4th Mayor of Brooklyn
- In office 1839–1842
- Preceded by: Jeremiah Johnson
- Succeeded by: Henry C. Murphy

New York State Senator
- In office 1856–1858

Personal details
- Born: April 5, 1800 Hanover, New Hampshire, US
- Died: February 13, 1877 (aged 76)
- Party: Whig
- Spouse: Lydia Lewis Hooker

= Cyrus P. Smith =

Mayor of Brooklyn

Cyrus Porter Smith (1800–1877) was an American politician. He was the mayor of Brooklyn from 1839 to 1842.

==Early life==
He was born on a farm in Hanover, New Hampshire, and worked his way through Dartmouth College.

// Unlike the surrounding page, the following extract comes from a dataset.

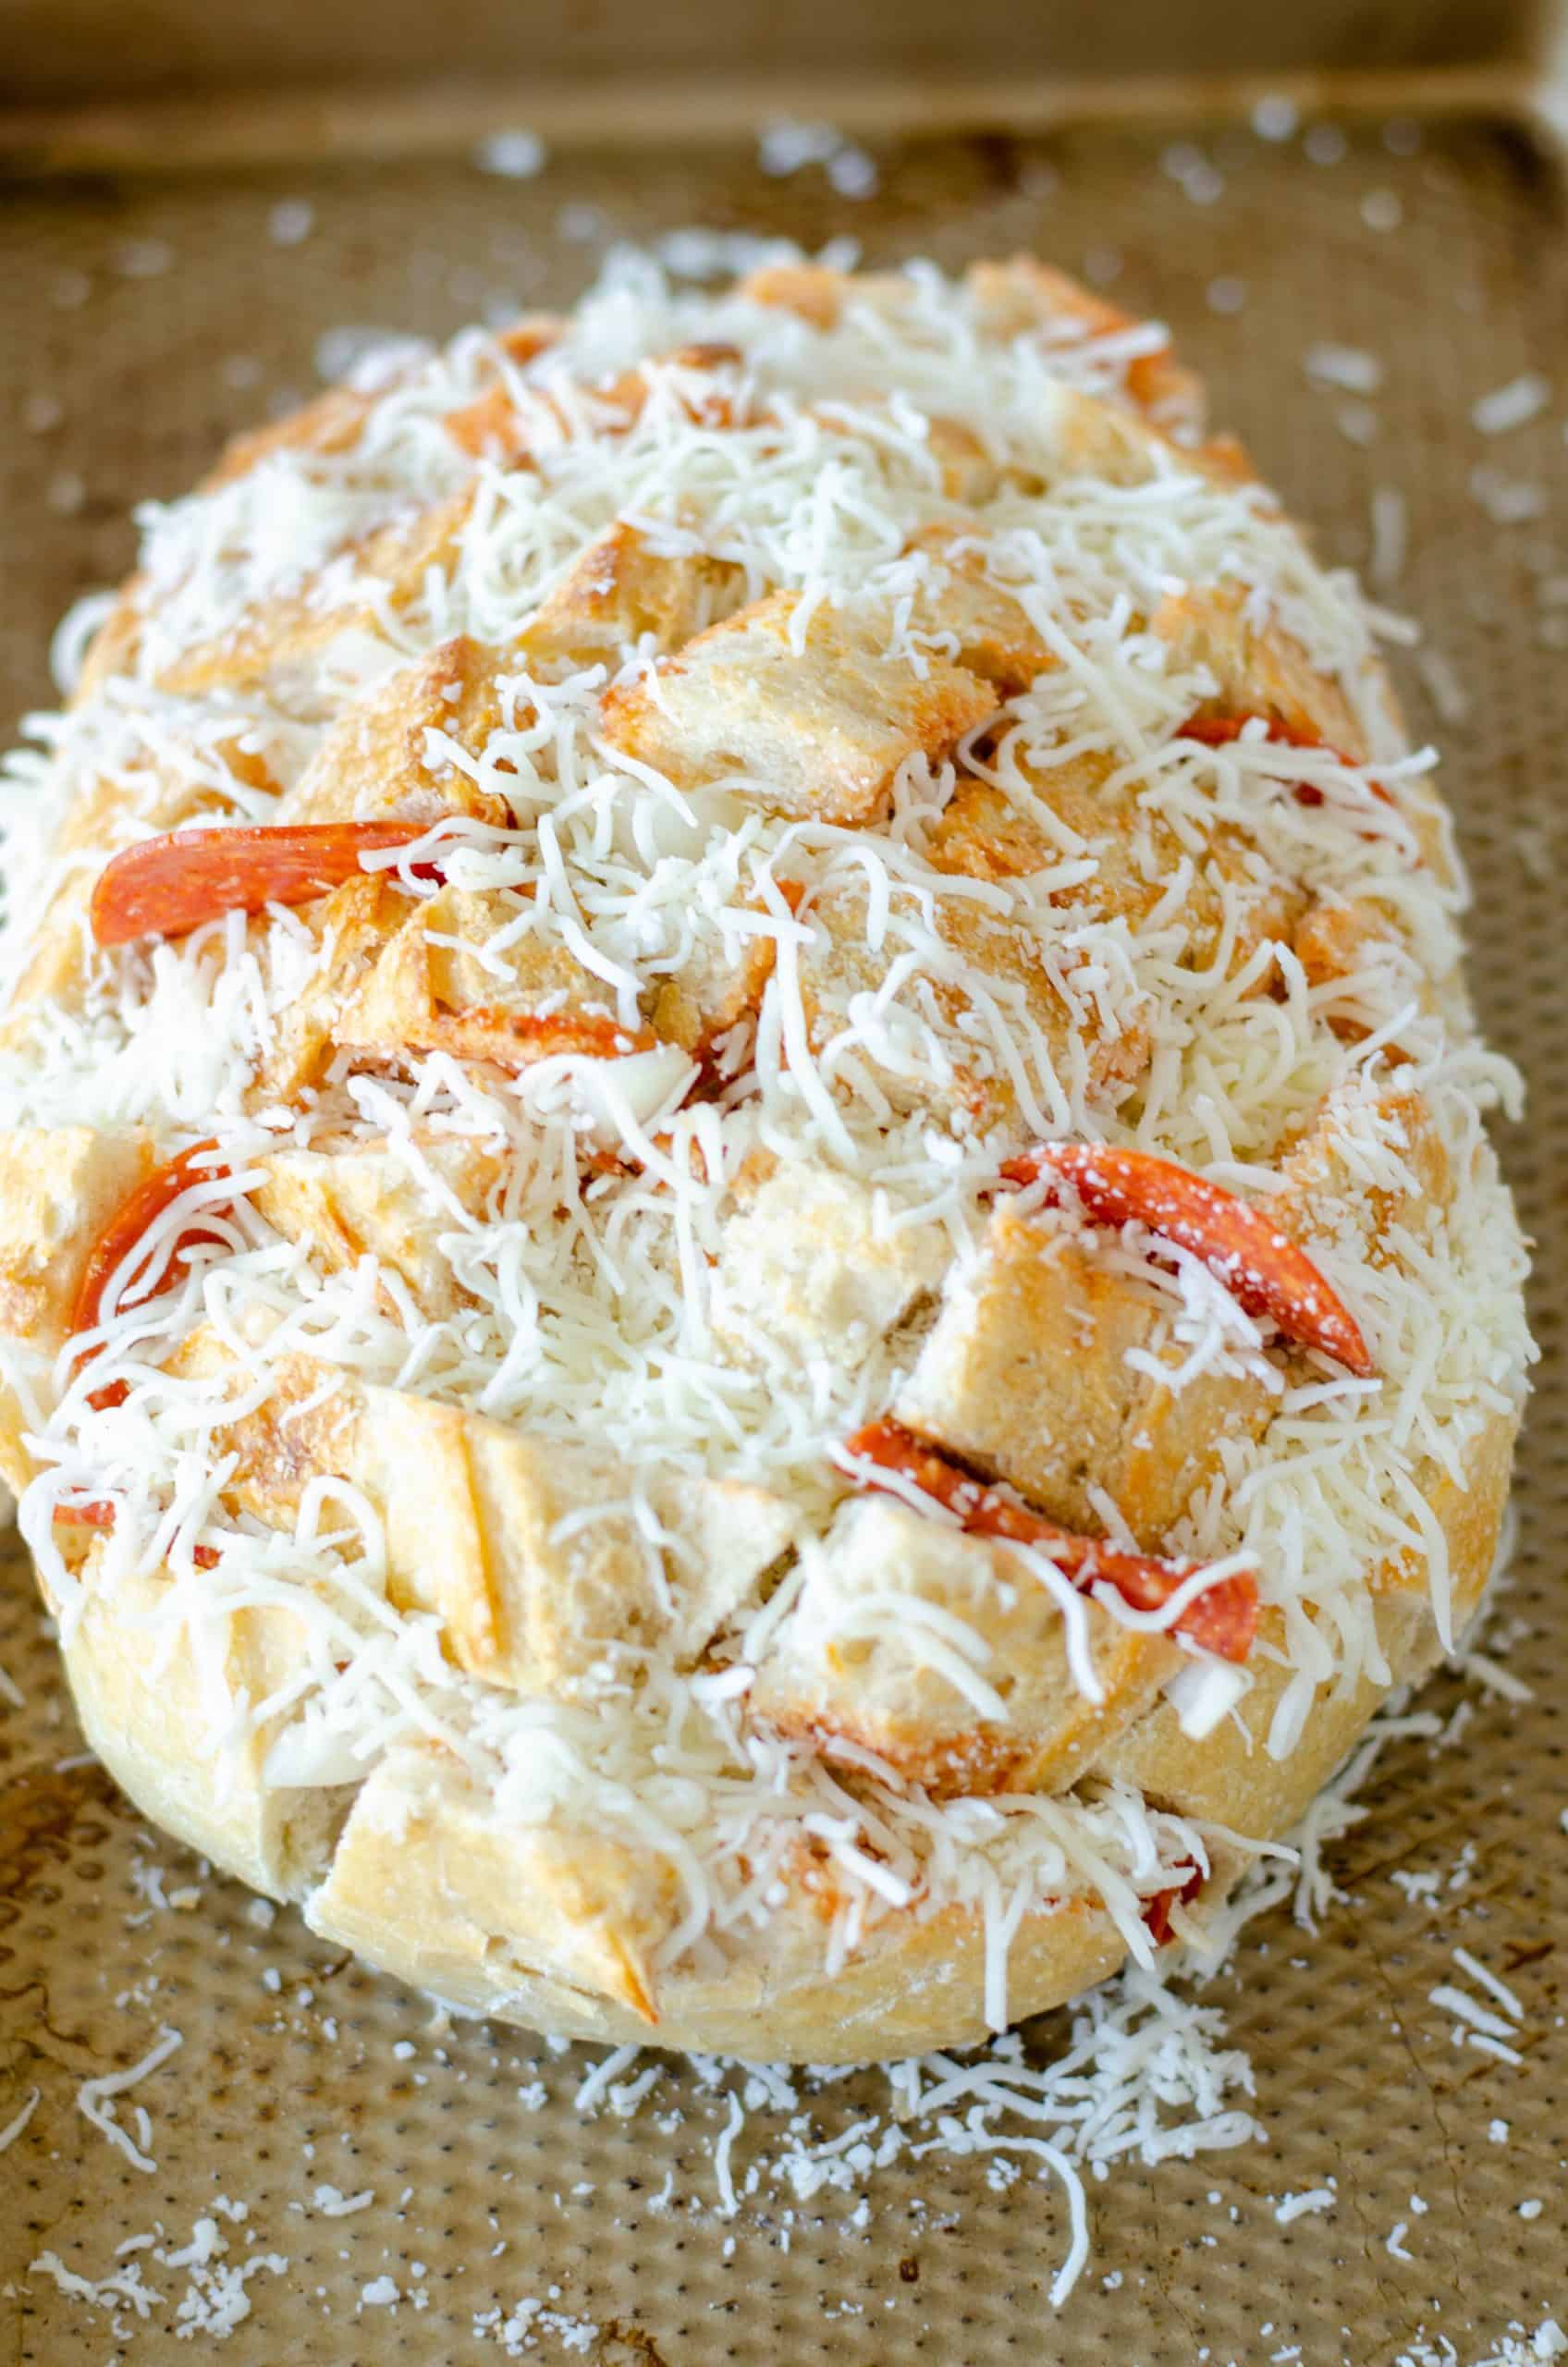 shredded mozzarella cheese stuffed inside sliced sourdough bread on a baking sheet.
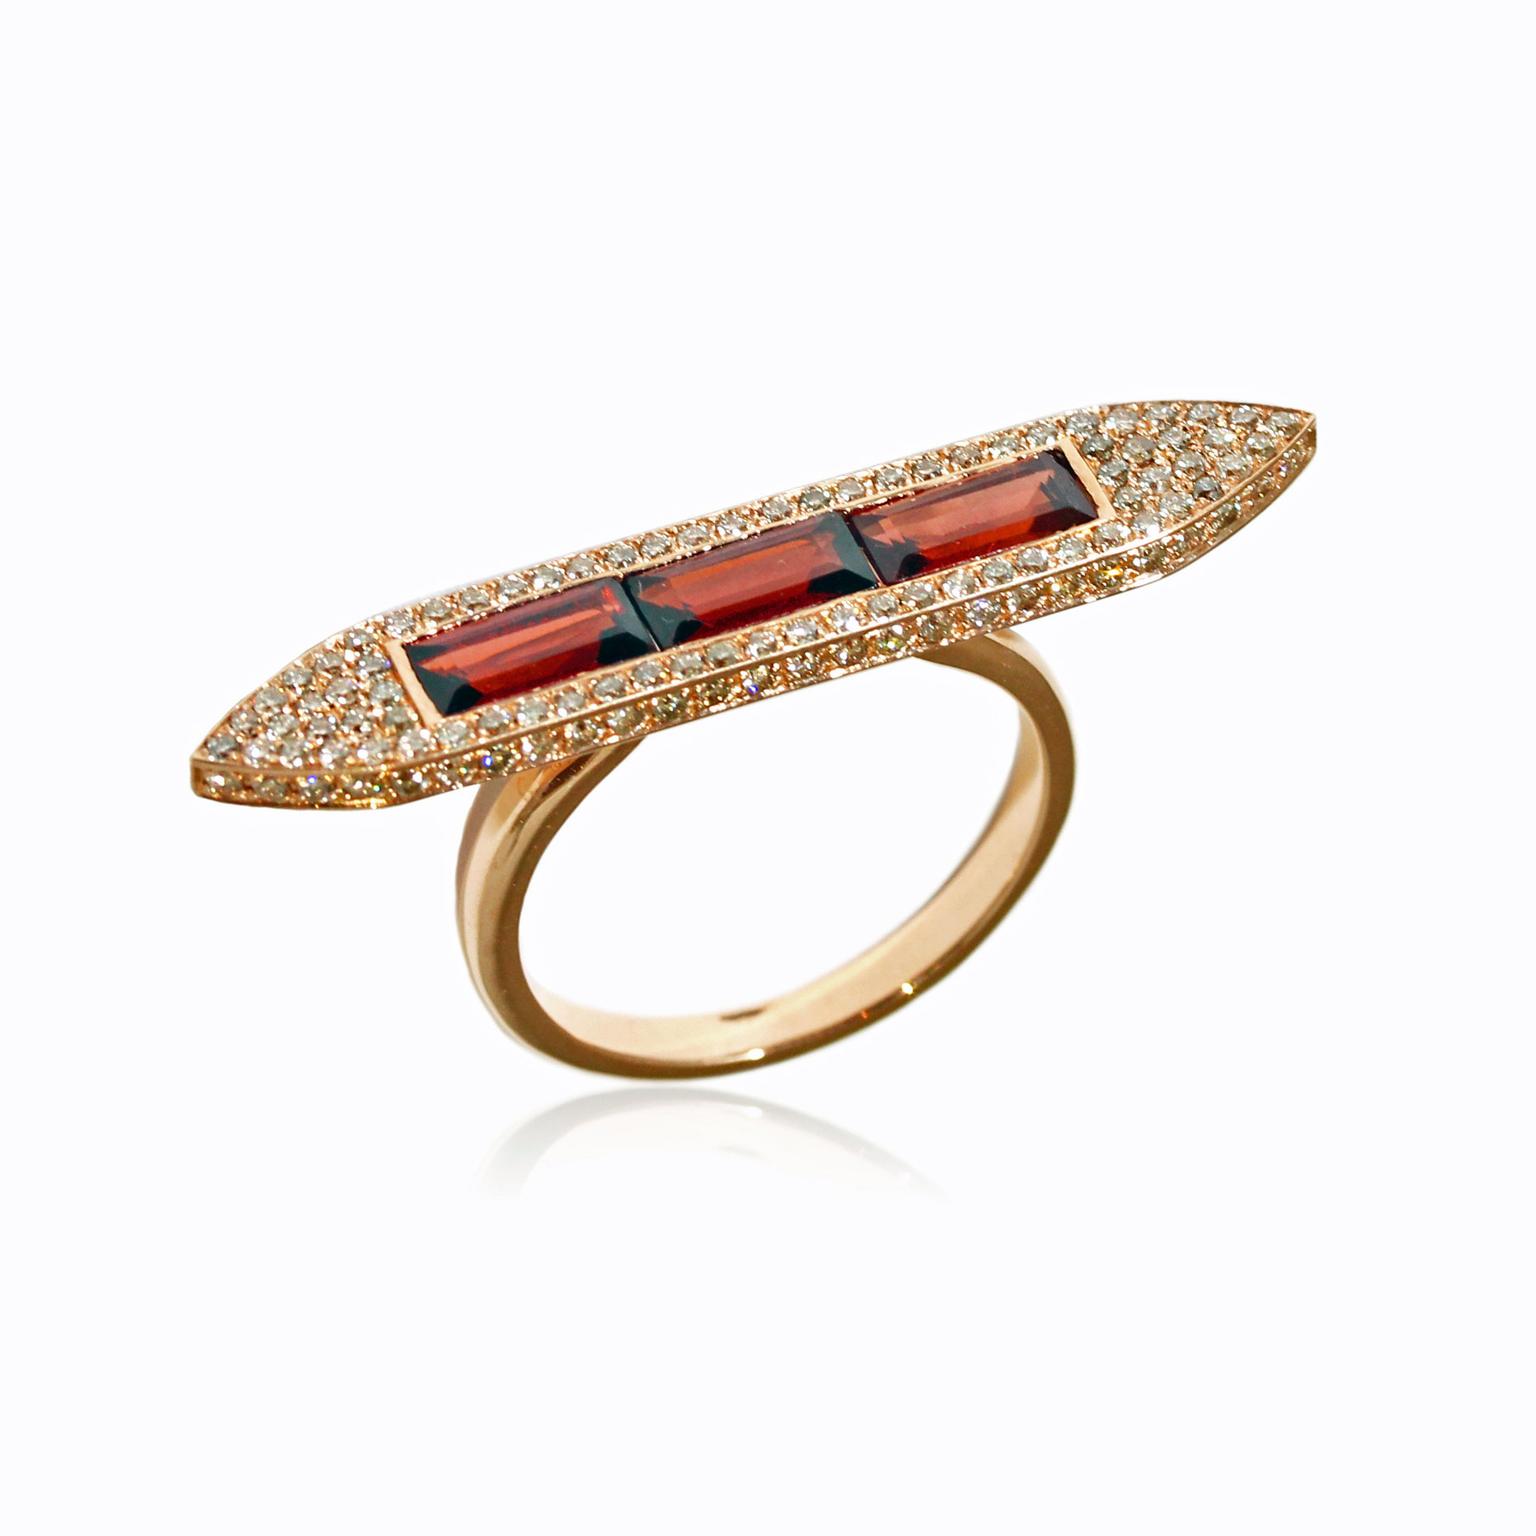 Ralph Masri geometric rose gold and diamond ring

After reading law in Connecticut, he moved to Brooklyn in 1827. Arriving in the city with few contacts and resources, he gained notice through active involvement in the 1828 presidential campaign and as choir-master of the First Presbyterian Church.

==Brooklyn civics==
Smith held positions as clerk of Brooklyn's Board of Trustees and then on the Corporation Counsel.

In 1839 he was chosen by the Board of Trustees to be Mayor. He became Brooklyn's first elected mayor in 1840. He was defeated by Democrat Henry C. Murphy in 1842.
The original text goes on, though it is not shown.